The cows are journeying north to Thunder Bay in Canada to gain cultural enrichment and enjoy a vacation on the sunny shores of Lake Superior. Bessie, ever the competent travel agent, has named the Bullmoose Hotel on famed Cumberland Street as their vacation residence. This immense hotel has N (1 ≤ N ≤ 50,000) rooms all located on the same side of an extremely long hallway (all the better to see the lake, of course).

The cows and other visitors arrive in groups of size Di (1 ≤ Di ≤ N) and approach the front desk to check in.
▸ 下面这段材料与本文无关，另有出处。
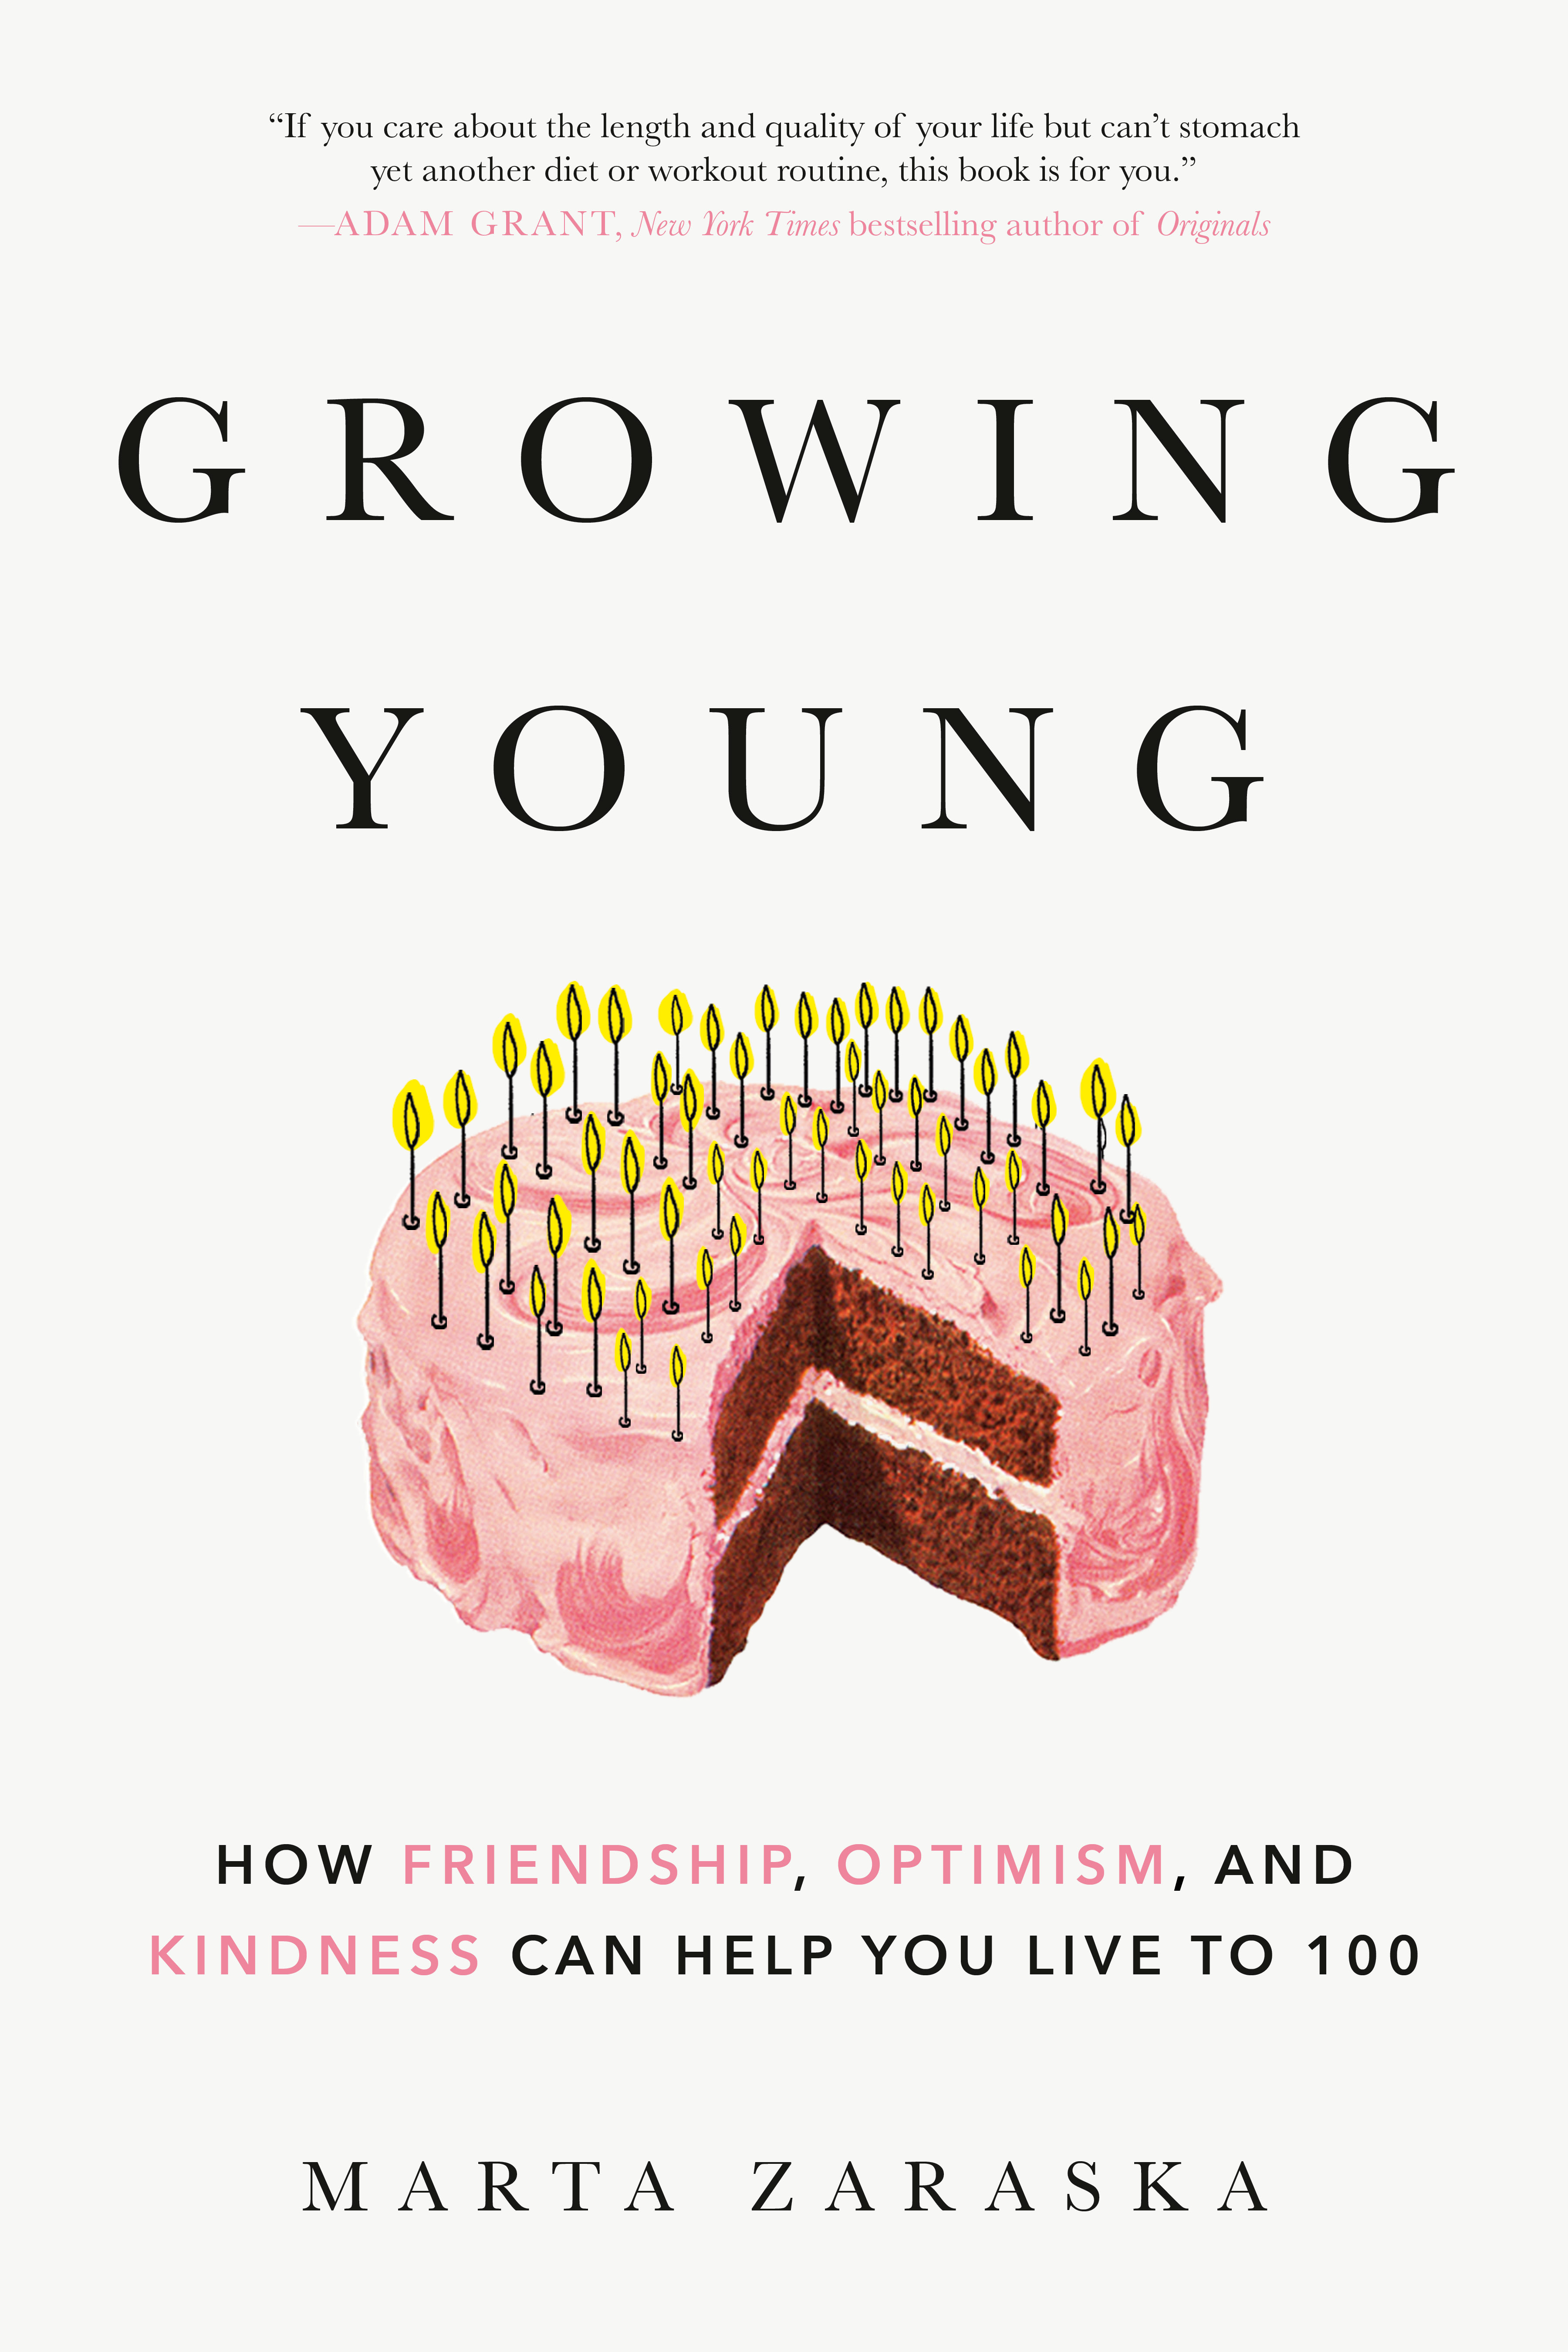 Growing Young : How Friendship, Optimism, and Kindness Can Help You Live to 100 | Psychology & Self-Improvement
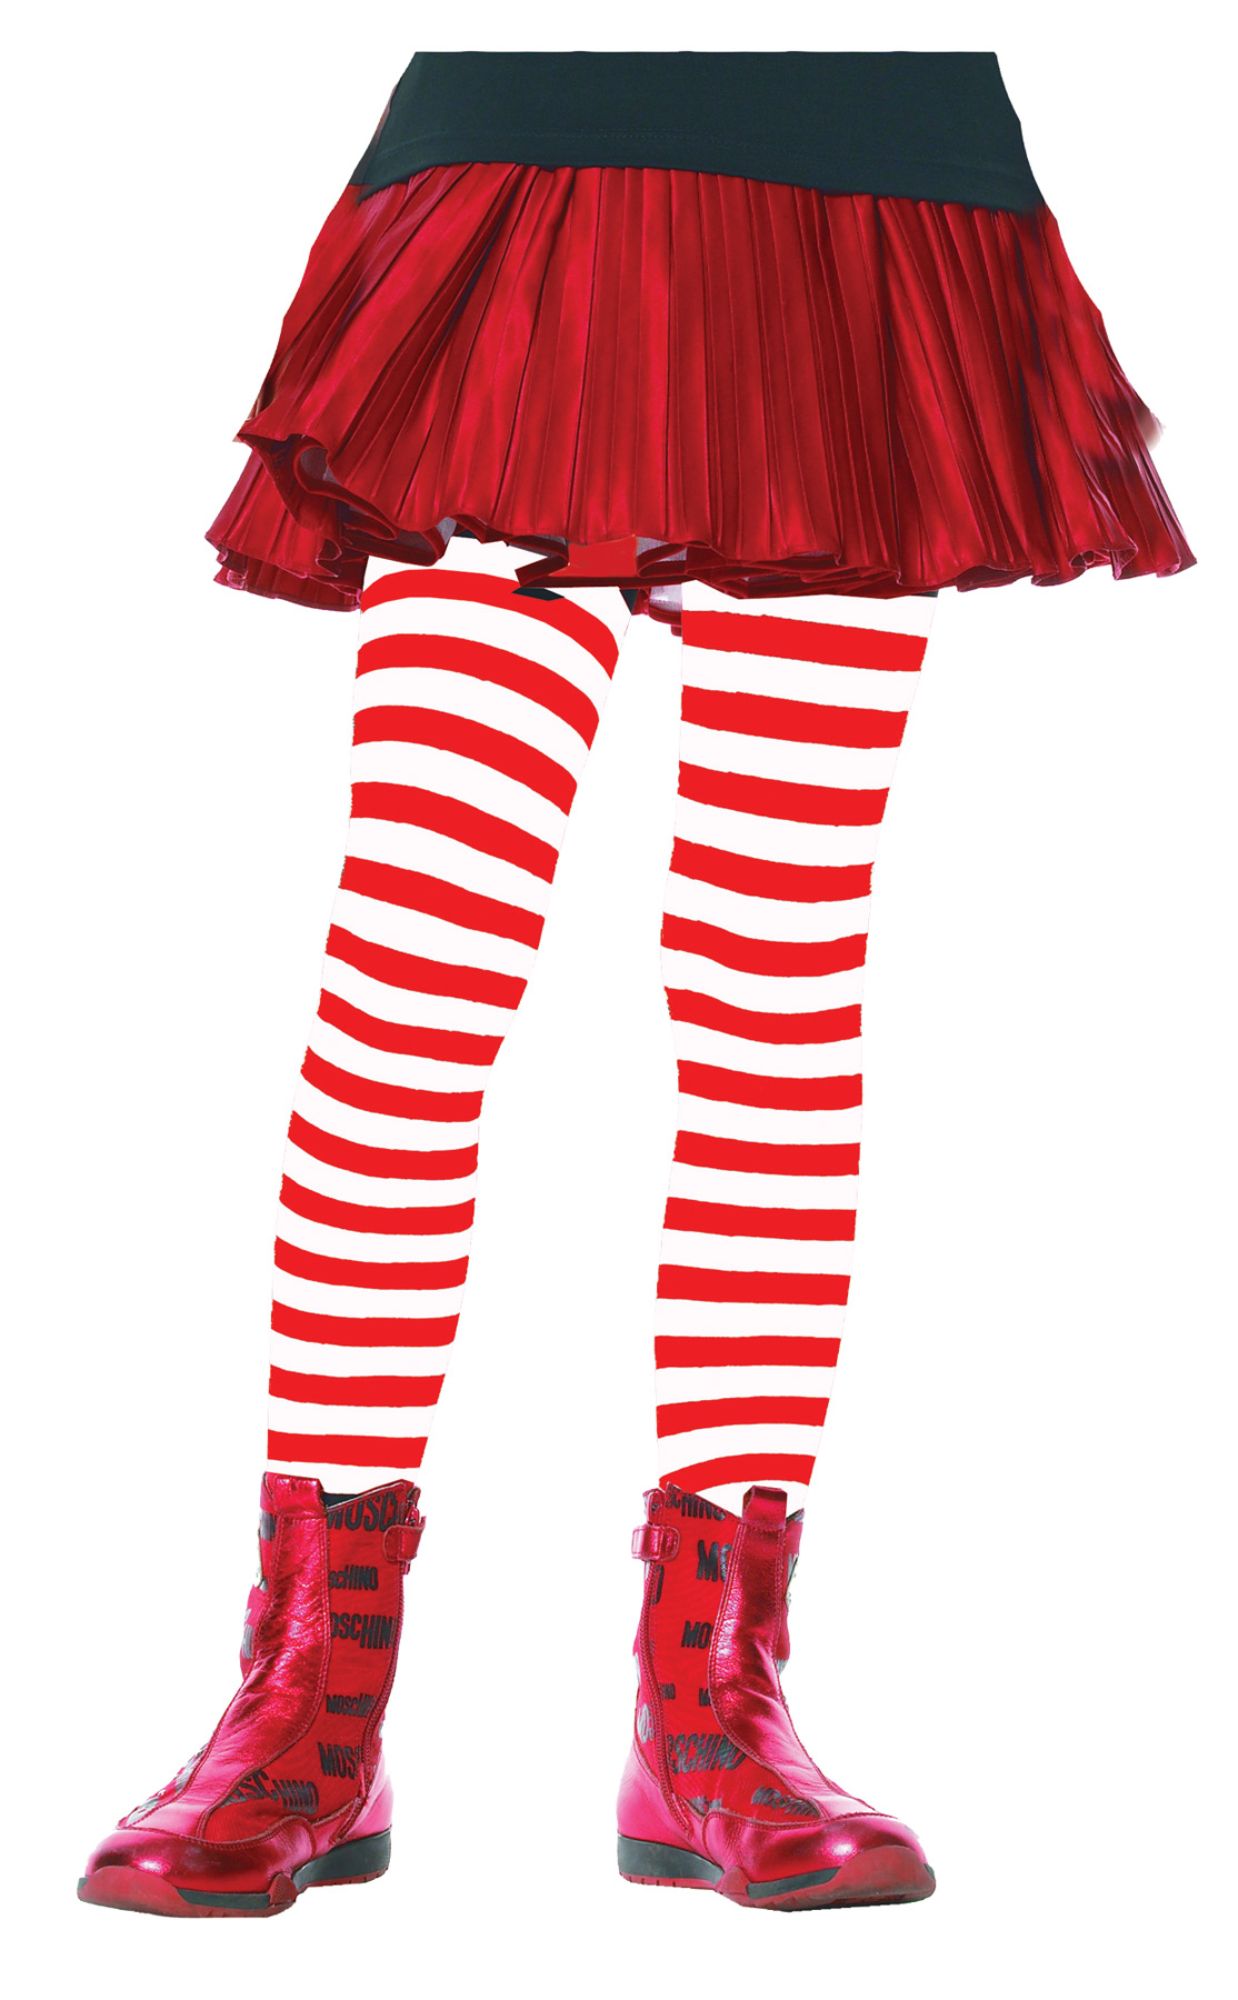 The Costume Center Red and White Striped Tights Girl Child

Each group i requests a set of Di contiguous rooms from Canmuu, the moose staffing the counter. He assigns them some set of consecutive room numbers r..r+Di-1 if they are available or, if no contiguous set of rooms is available, politely suggests alternate lodging. Canmuu always chooses the value of r to be the smallest possible.

Visitors also depart the hotel from groups of contiguous rooms. Checkout i has the parameters Xi and Di which specify the vacating of rooms Xi ..Xi +Di-1 (1 ≤ Xi ≤ N-Di+1). Some (or all) of those rooms might be empty before the checkout.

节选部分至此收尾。